> DATA FOR THIS TASK:
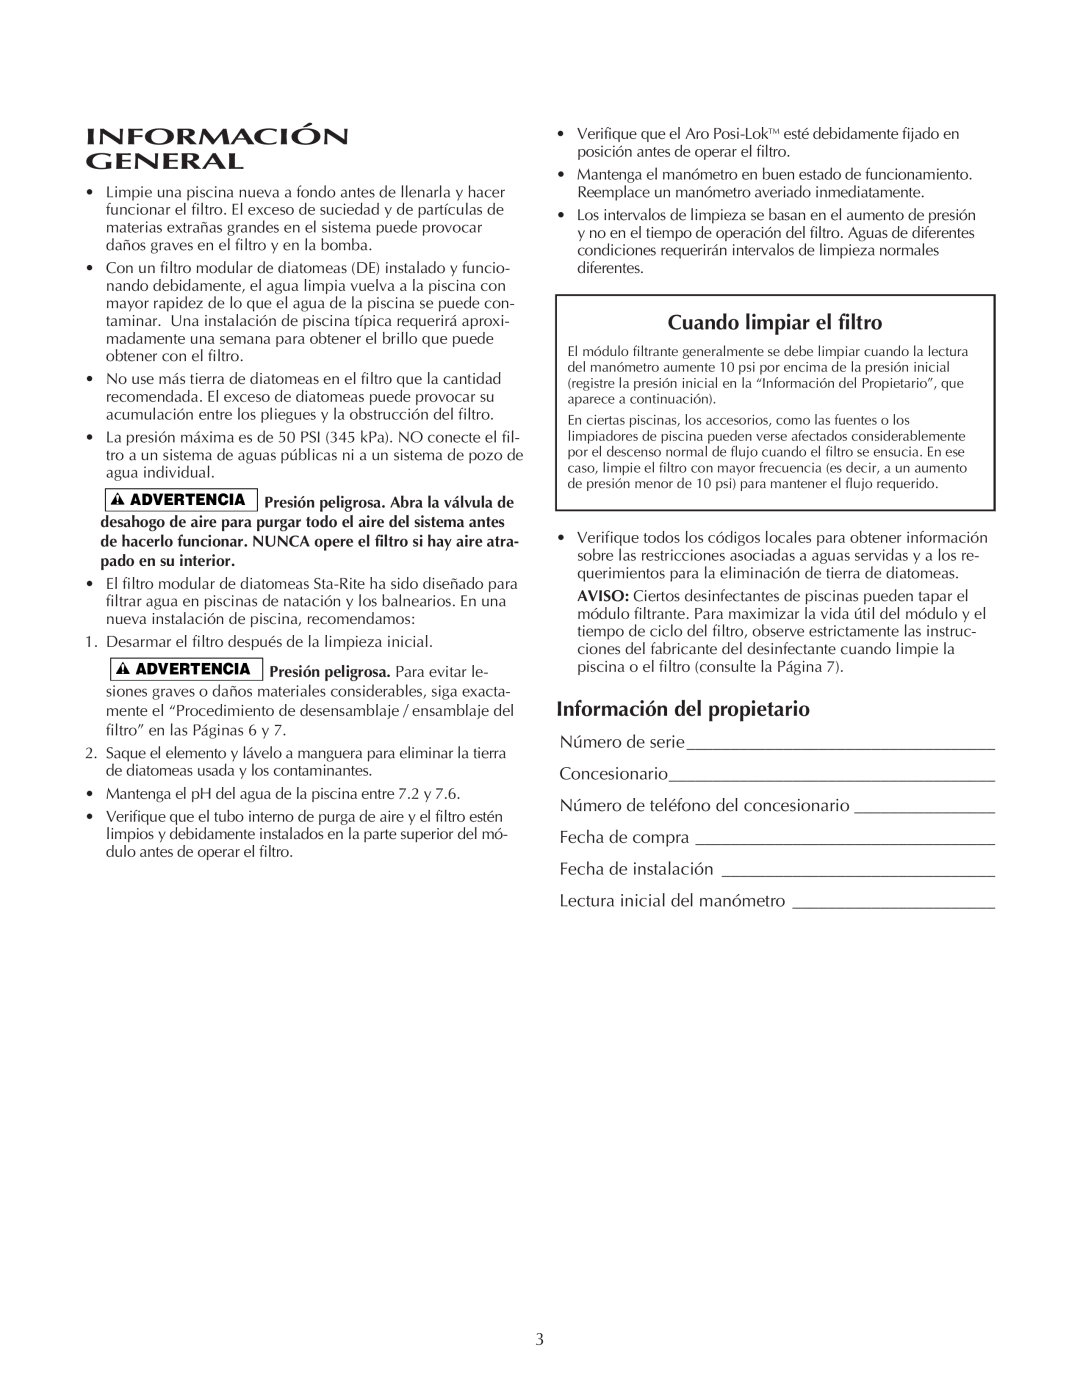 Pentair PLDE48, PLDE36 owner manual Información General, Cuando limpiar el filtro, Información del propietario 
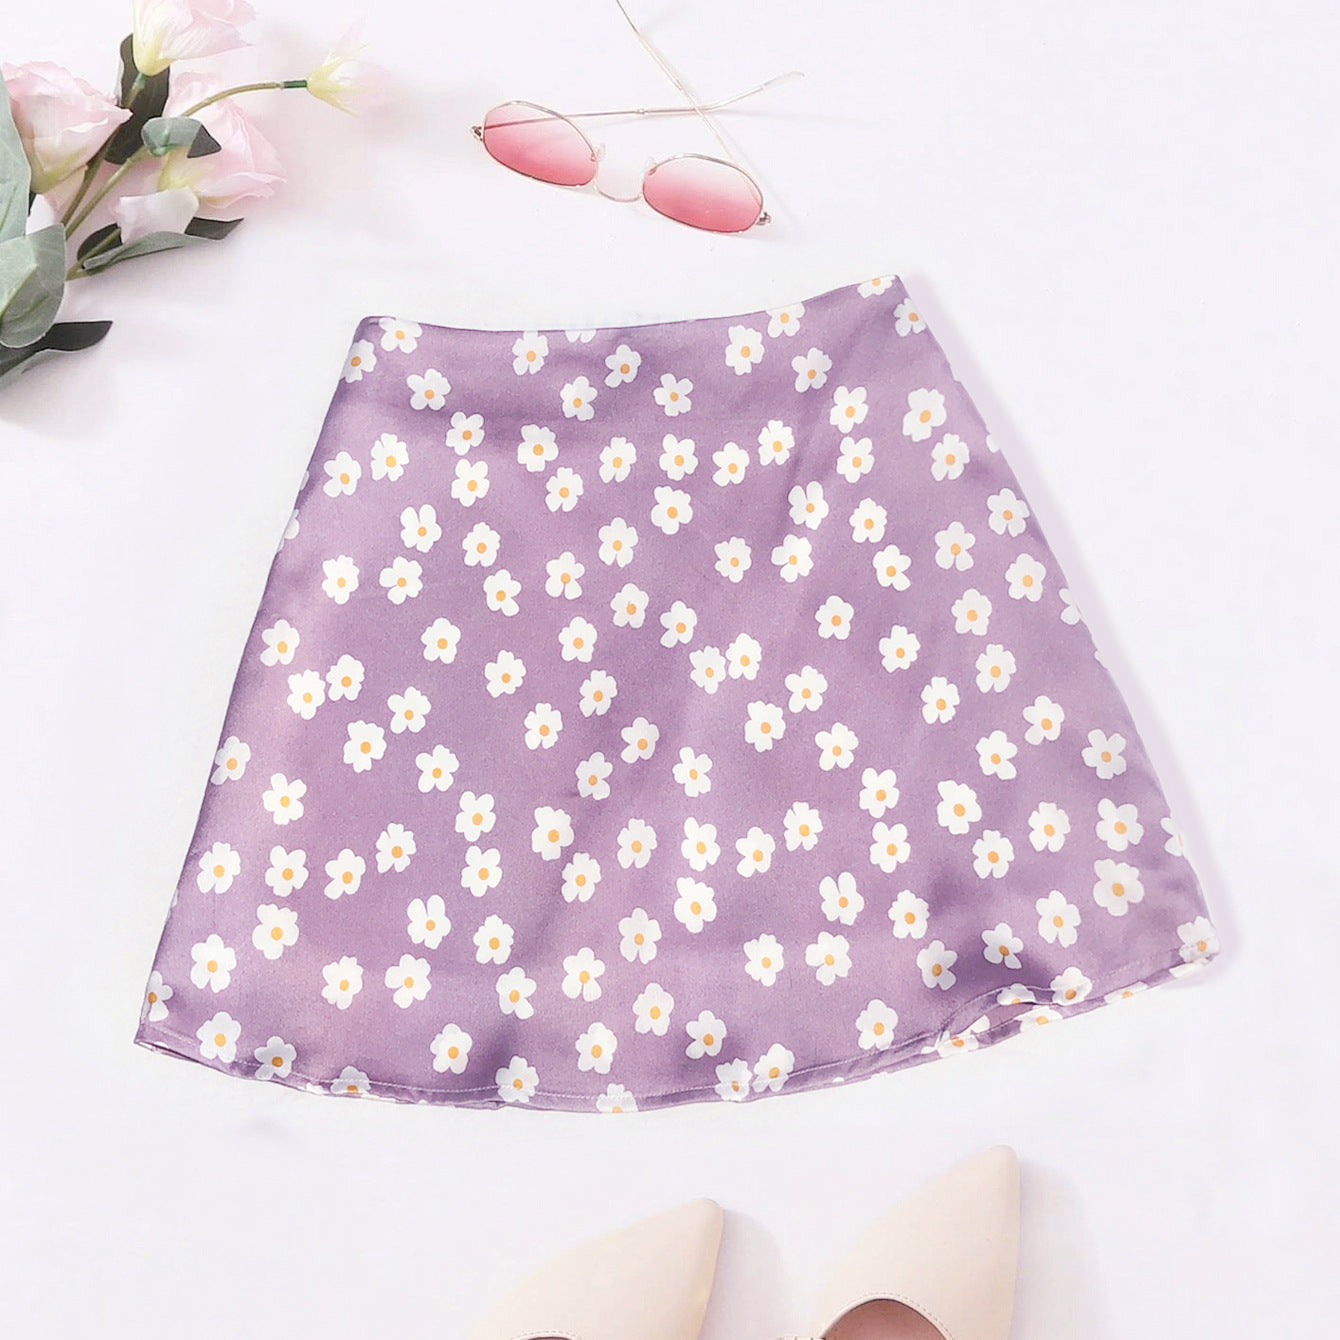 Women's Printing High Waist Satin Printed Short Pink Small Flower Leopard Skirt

--

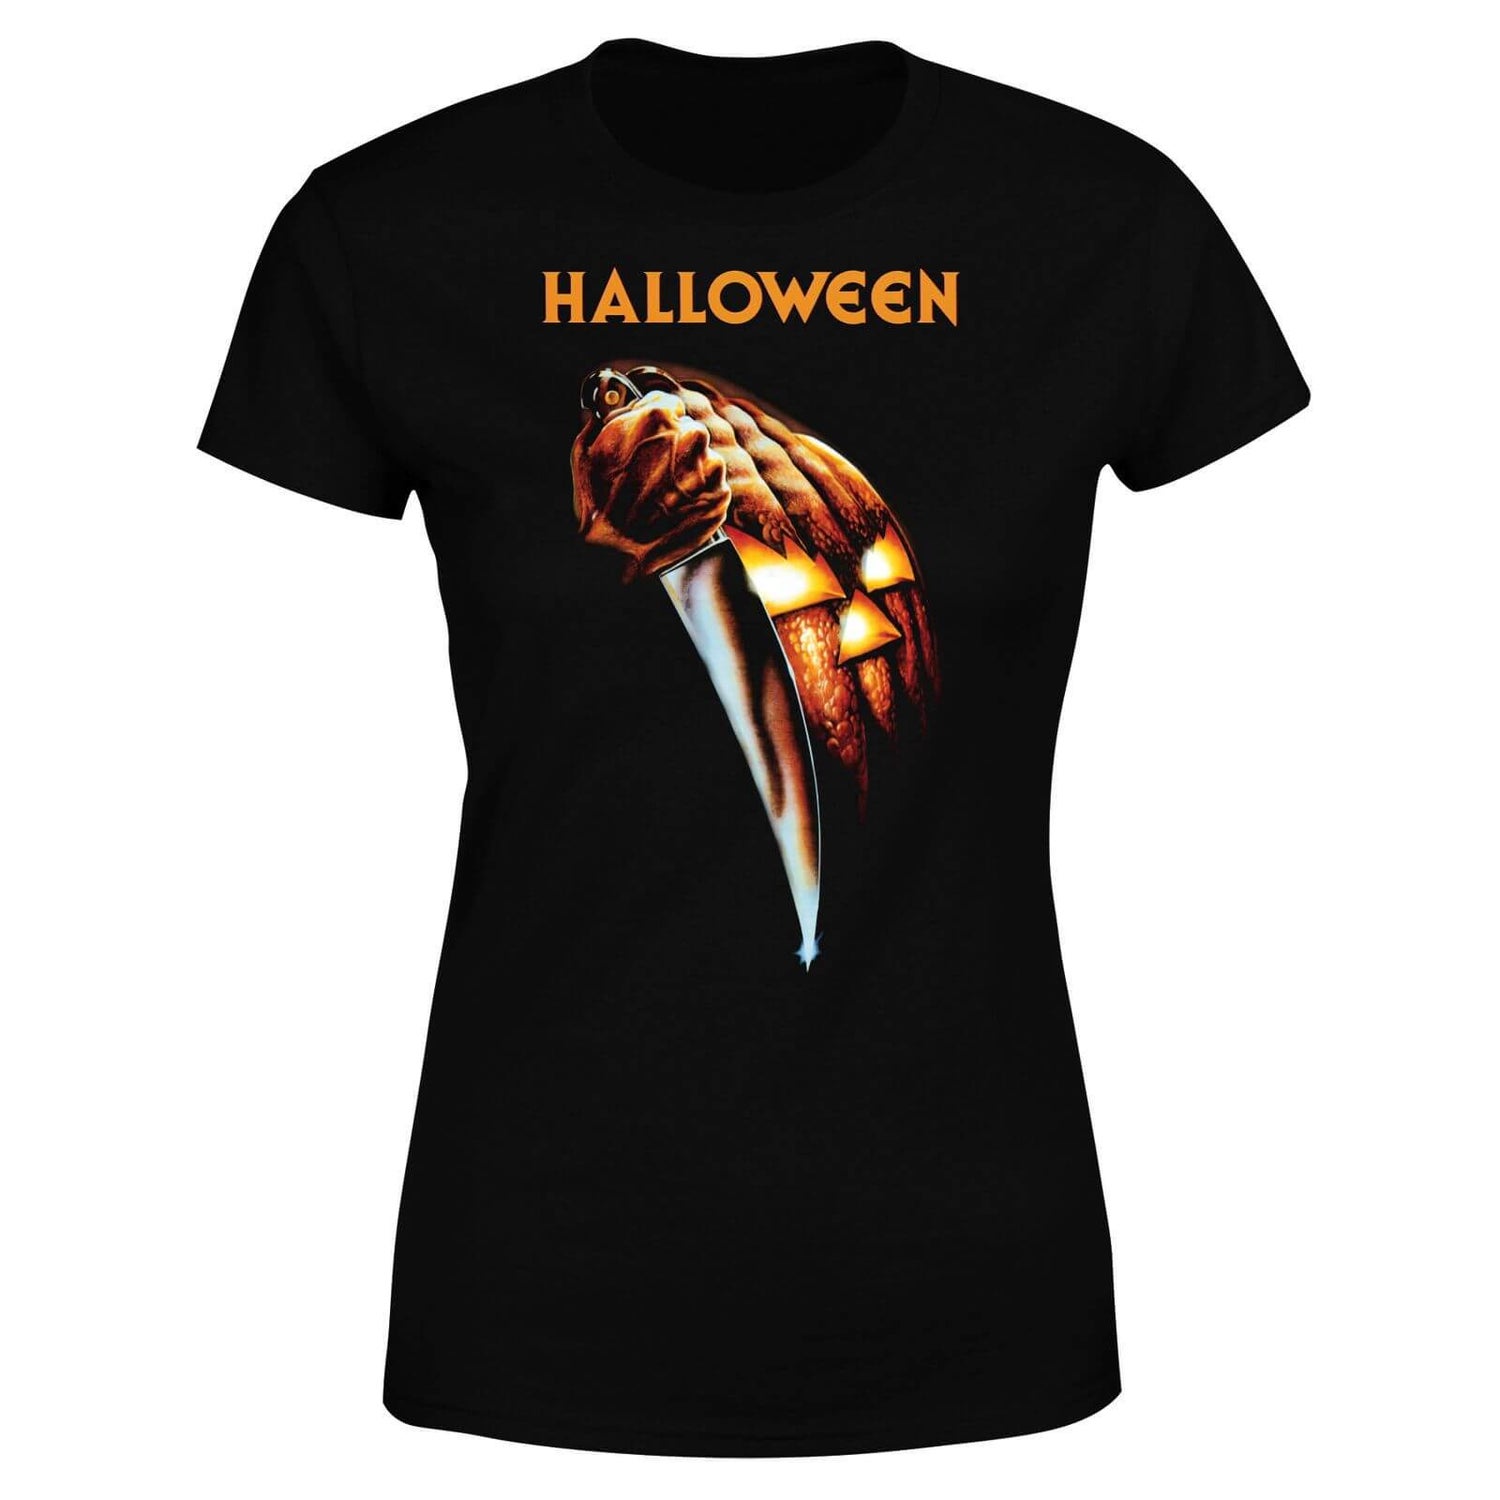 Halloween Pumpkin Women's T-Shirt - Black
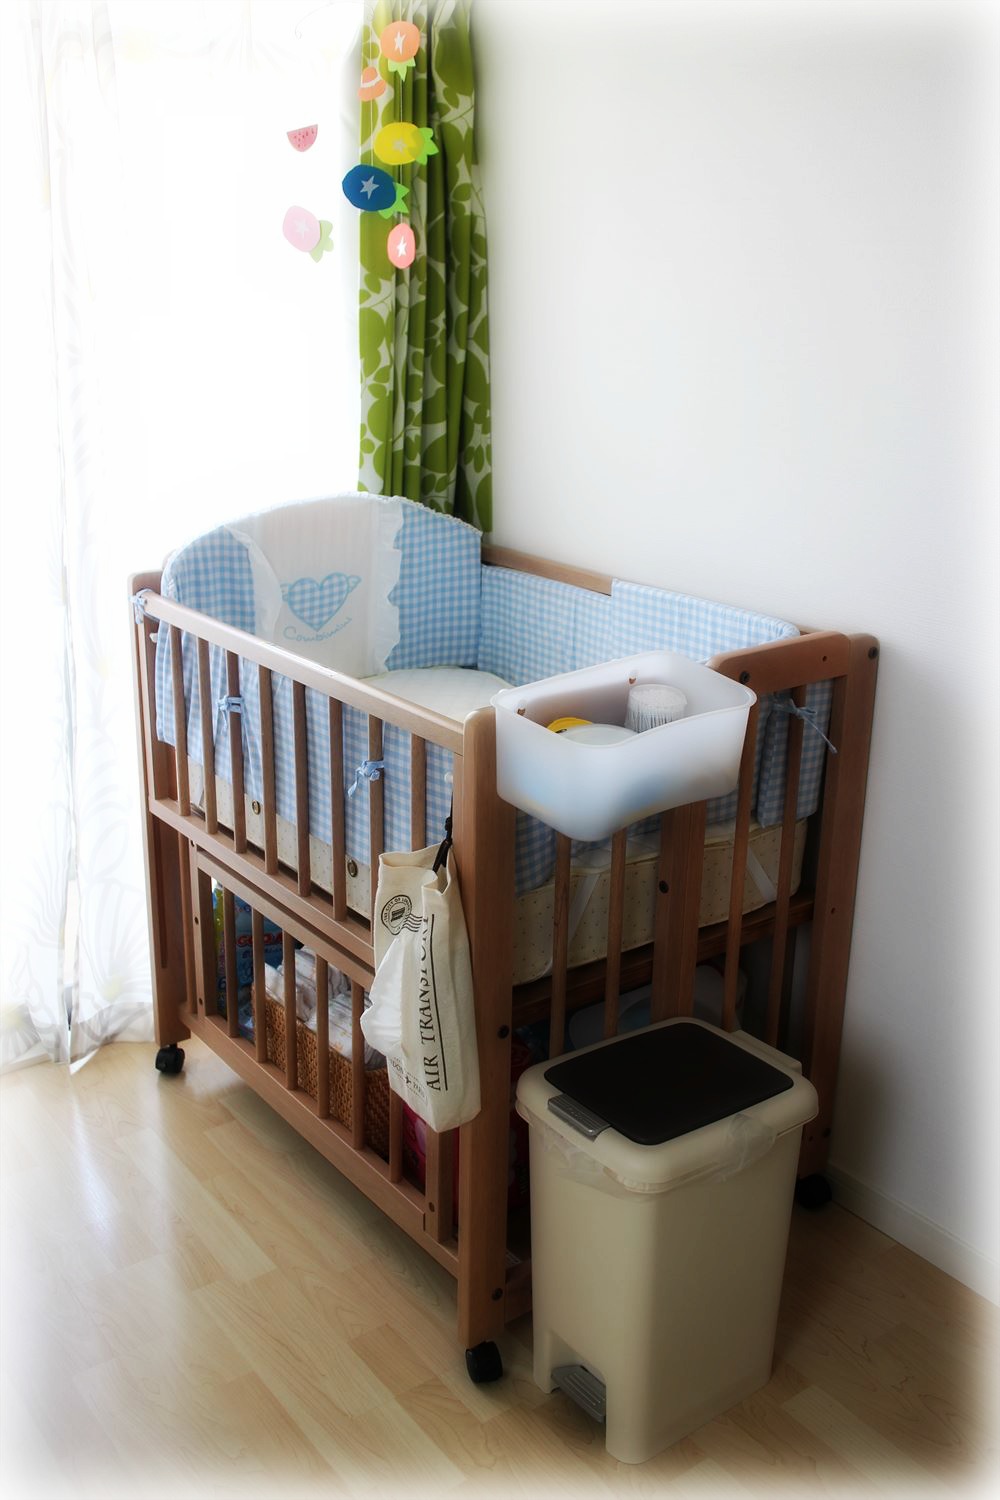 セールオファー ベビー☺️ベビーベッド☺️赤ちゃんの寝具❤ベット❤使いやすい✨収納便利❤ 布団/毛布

> WORK REQUEST: In the data above, retype only the stretch from the line with "Pentair PLDE48, PLDE36" through the line with "Women's Printing High", word for word, and skip any pictures.

> SOLUTION TO THIS EXERCISE:
 Pentair PLDE48, PLDE36 owner manual Información General, Cuando limpiar el filtro, Información del propietario 
 Women's Printing High Waist Satin Printed Short Pink Small Flower Leopard Skirt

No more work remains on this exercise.